[<prev] [next>] [<thread-prev] [thread-next>] [day] [month] [year] [list]
Message-ID: <768254df-7b4a-65a4-81bf-665f63780073@codeaurora.org>
Date: Mon, 24 Oct 2016 14:28:09 -0600
From: "Baicar, Tyler" <tbaicar@...eaurora.org>
To: Suzuki K Poulose <Suzuki.Poulose@....com>, marc.zyngier@....com,
pbonzini@...hat.com, rkrcmar@...hat.com, linux@...linux.org.uk,
catalin.marinas@....com, will.deacon@....com, rjw@...ysocki.net,
lenb@...nel.org, matt@...eblueprint.co.uk, robert.moore@...el.com,
lv.zheng@...el.com, nkaje@...eaurora.org, zjzhang@...eaurora.org,
mark.rutland@....com, james.morse@....com,
akpm@...ux-foundation.org, eun.taik.lee@...sung.com,
sandeepa.s.prabhu@...il.com, shijie.huang@....com,
rruigrok@...eaurora.org, paul.gortmaker@...driver.com,
tomasz.nowicki@...aro.org, fu.wei@...aro.org, rostedt@...dmis.org,
bristot@...hat.com, linux-arm-kernel@...ts.infradead.org,
kvmarm@...ts.cs.columbia.edu, kvm@...r.kernel.org,
linux-kernel@...r.kernel.org, linux-acpi@...r.kernel.org,
linux-efi@...r.kernel.org, punit.agrawal@....com,
astone@...hat.com, harba@...eaurora.org, hanjun.guo@...aro.org
Subject: Re: [PATCH V4 01/10] acpi: apei: read ack upon ghes record
consumption
On 10/24/2016 2:51 AM, Suzuki K Poulose wrote:
> On 21/10/16 18:30, Tyler Baicar wrote:
>> A RAS (Reliability, Availability, Serviceability) controller
>> may be a separate processor running in parallel with OS
>> execution, and may generate error records for consumption by
>> the OS. If the RAS controller produces multiple error records,
>> then they may be overwritten before the OS has consumed them.
>>
>> The Generic Hardware Error Source (GHES) v2 structure
>> introduces the capability for the OS to acknowledge the
>> consumption of the error record generated by the RAS
>> controller.

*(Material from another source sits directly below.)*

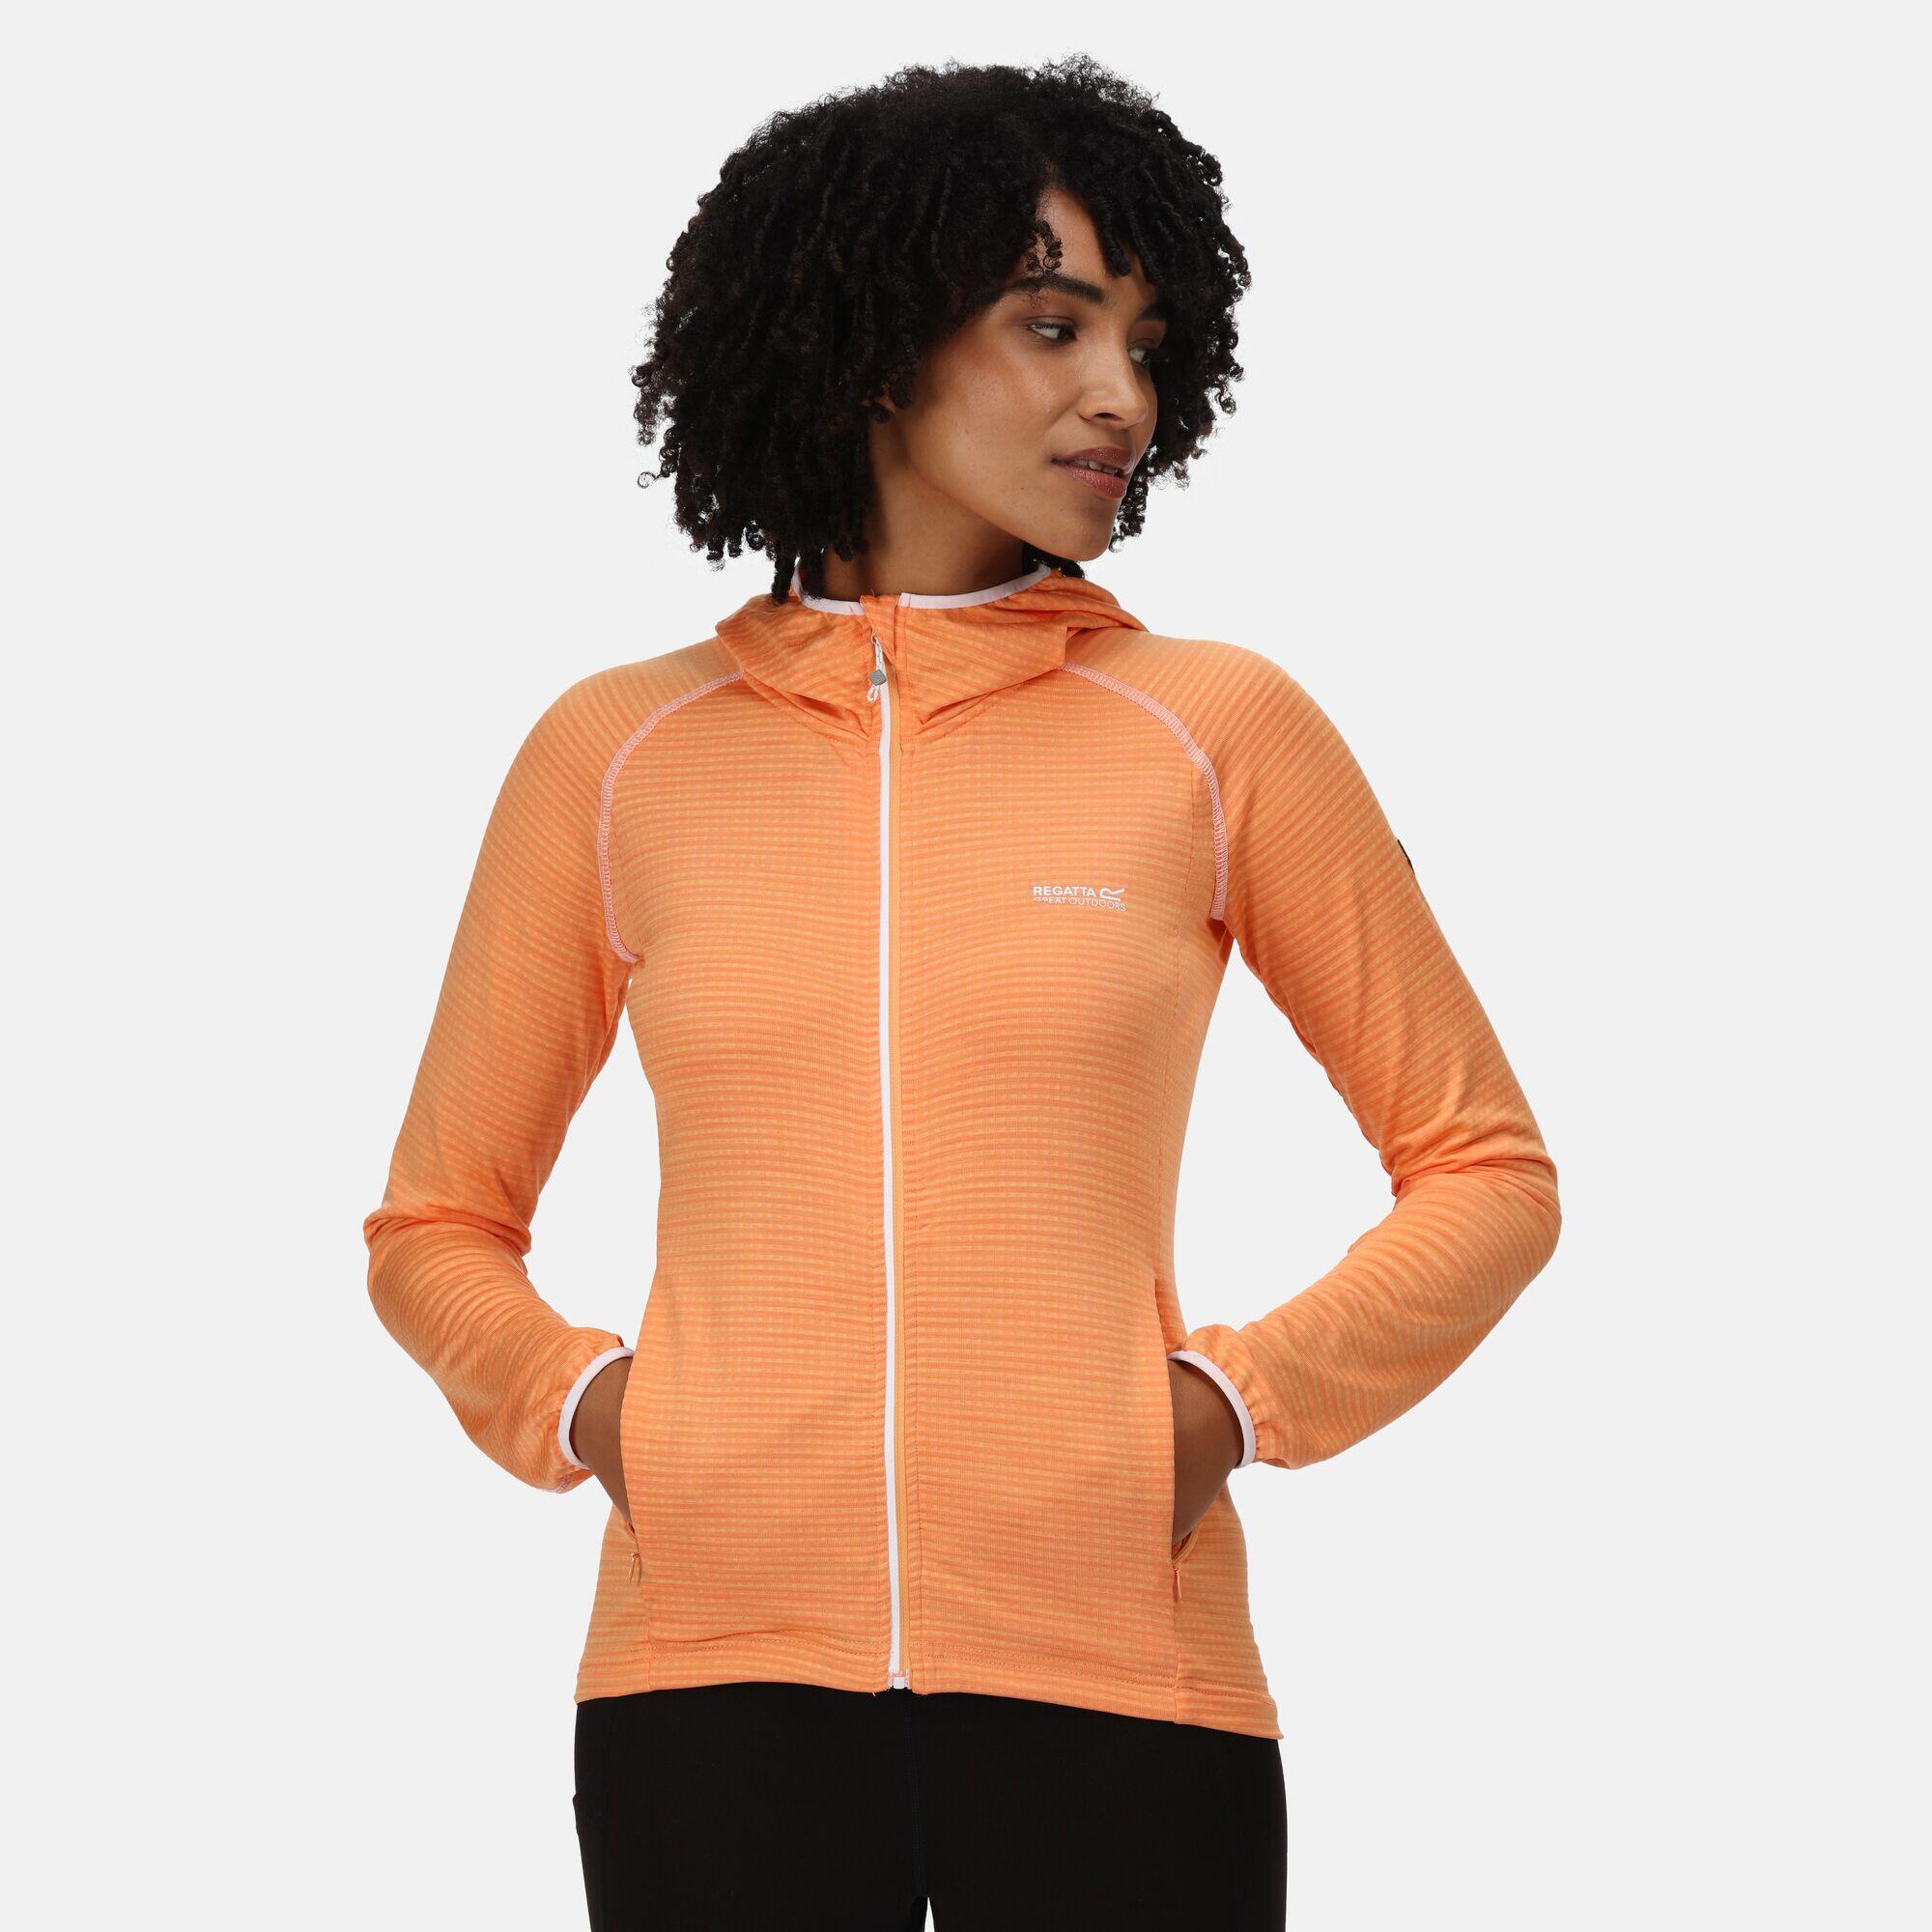 REGATTA Yonder Women's Hiking Full Zip Hoodie - Papaya Orange
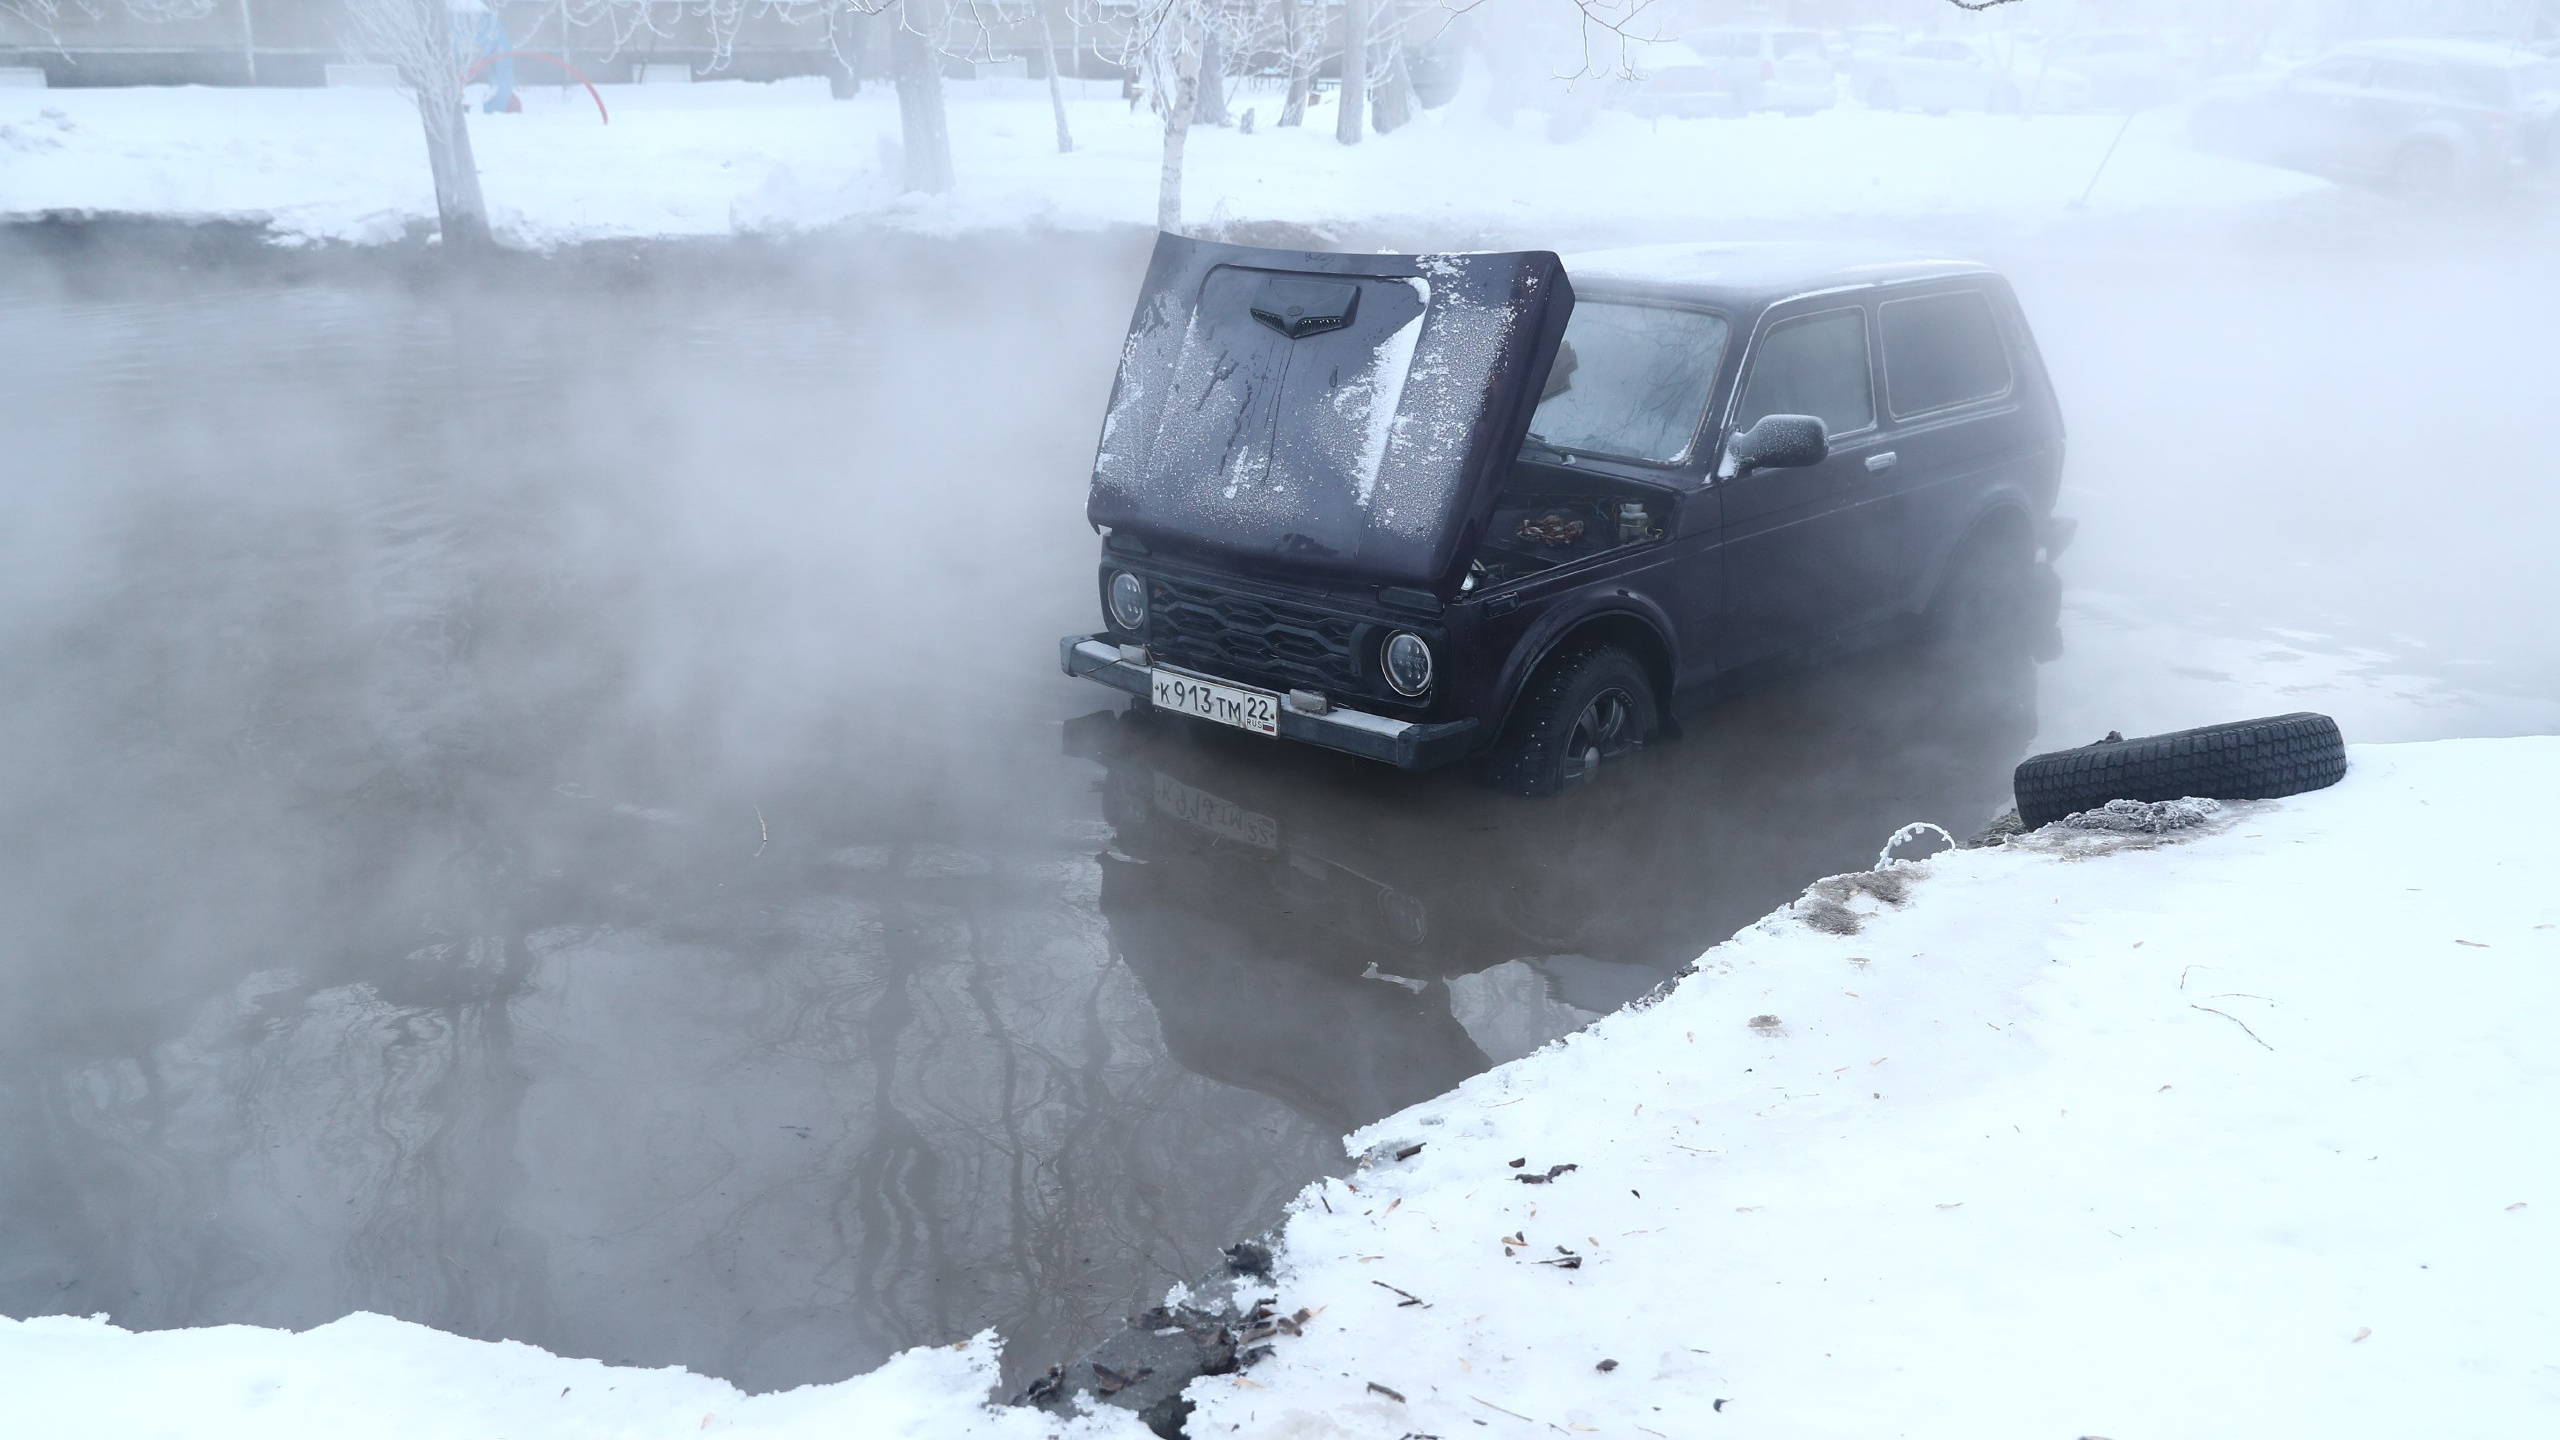 Уголовное дело, штрафы, компенсации — какие последствия ждут ответственных за крупную аварию в Новосибирске

A RAS controller supporting GHESv2 shall wait for
>> the acknowledgment before writing a new error record, thus
>> eliminating the race condition.
>>
>> Signed-off-by: Jonathan (Zhixiong) Zhang <zjzhang@...eaurora.org>
>> Signed-off-by: Richard Ruigrok <rruigrok@...eaurora.org>
>> Signed-off-by: Tyler Baicar <tbaicar@...eaurora.org>
>> Signed-off-by: Naveen Kaje <nkaje@...eaurora.org>
>> ---
>> drivers/acpi/apei/ghes.c | 42
>> ++++++++++++++++++++++++++++++++++++++++++
>> drivers/acpi/apei/hest.c | 7 +++++--
>> include/acpi/ghes.h | 5 ++++-
>> 3 files changed, 51 insertions(+), 3 deletions(-)
>>
>> diff --git a/drivers/acpi/apei/ghes.c b/drivers/acpi/apei/ghes.c
>> index 60746ef..7d020b0 100644
>> --- a/drivers/acpi/apei/ghes.c
>> +++ b/drivers/acpi/apei/ghes.c
>> @@ -45,6 +45,7 @@
>> #include <linux/aer.h>
>> #include <linux/nmi.h>
>>
>> +#include <acpi/actbl1.h>
>> #include <acpi/ghes.h>
>> #include <acpi/apei.h>
>> #include <asm/tlbflush.h>
>> @@ -79,6 +80,10 @@
>> ((struct acpi_hest_generic_status *) \
>> ((struct ghes_estatus_node *)(estatus_node) + 1))
>>
>> +#define HEST_TYPE_GENERIC_V2(ghes) \
>> + ((struct acpi_hest_header *)ghes->generic)->type == \
>> + ACPI_HEST_TYPE_GENERIC_ERROR_V2
>> +
>> /*
>> * This driver isn't really modular, however for the time being,
>> * continuing to use module_param is the easiest way to remain
>> @@ -248,7 +253,15 @@ static struct ghes *ghes_new(struct
>> acpi_hest_generic *generic)
>> ghes = kzalloc(sizeof(*ghes), GFP_KERNEL);
>> if (!ghes)
>> return ERR_PTR(-ENOMEM);
>> +
>> ghes->generic = generic;
>> + if (HEST_TYPE_GENERIC_V2(ghes)) {
>> + rc = apei_map_generic_address(
>> + &ghes->generic_v2->read_ack_register);
>> + if (rc)
>> + goto err_unmap;
>
> I think should be goto err_free, see more below.
>
>> + }
>> +
>> rc = apei_map_generic_address(&generic->error_status_address);
>> if (rc)
>> goto err_free;
>> @@ -270,6 +283,9 @@ static struct ghes *ghes_new(struct
>> acpi_hest_generic *generic)
>>
>> err_unmap:
>> apei_unmap_generic_address(&generic->error_status_address);
>> + if (HEST_TYPE_GENERIC_V2(ghes))
>> + apei_unmap_generic_address(
>> + &ghes->generic_v2->read_ack_register);
>
> We might end up trying to unmap (error_status_address) which is not
> mapped
> if we hit the error in mapping read_ack_register. The
> read_ack_register unmap
> hunk should be moved below to err_free.
>
This needs to be changed, I'll add a separate label for unmapping
read_ack_register and error_status_address for the case that the
read_ack_register map succeeds but the error_status_address map fails.
err_unmap_status_addr:
apei_unmap_generic_address(&generic->error_status_address);
err_unmap_read_ack_addr:
if (HEST_TYPE_GENERIC_V2(ghes))
apei_unmap_generic_address(
&ghes->generic_v2->read_ack_register);
err_free:
kfree(ghes);
return ERR_PTR(rc);
If mapping read_ack_register fails, goto err_free.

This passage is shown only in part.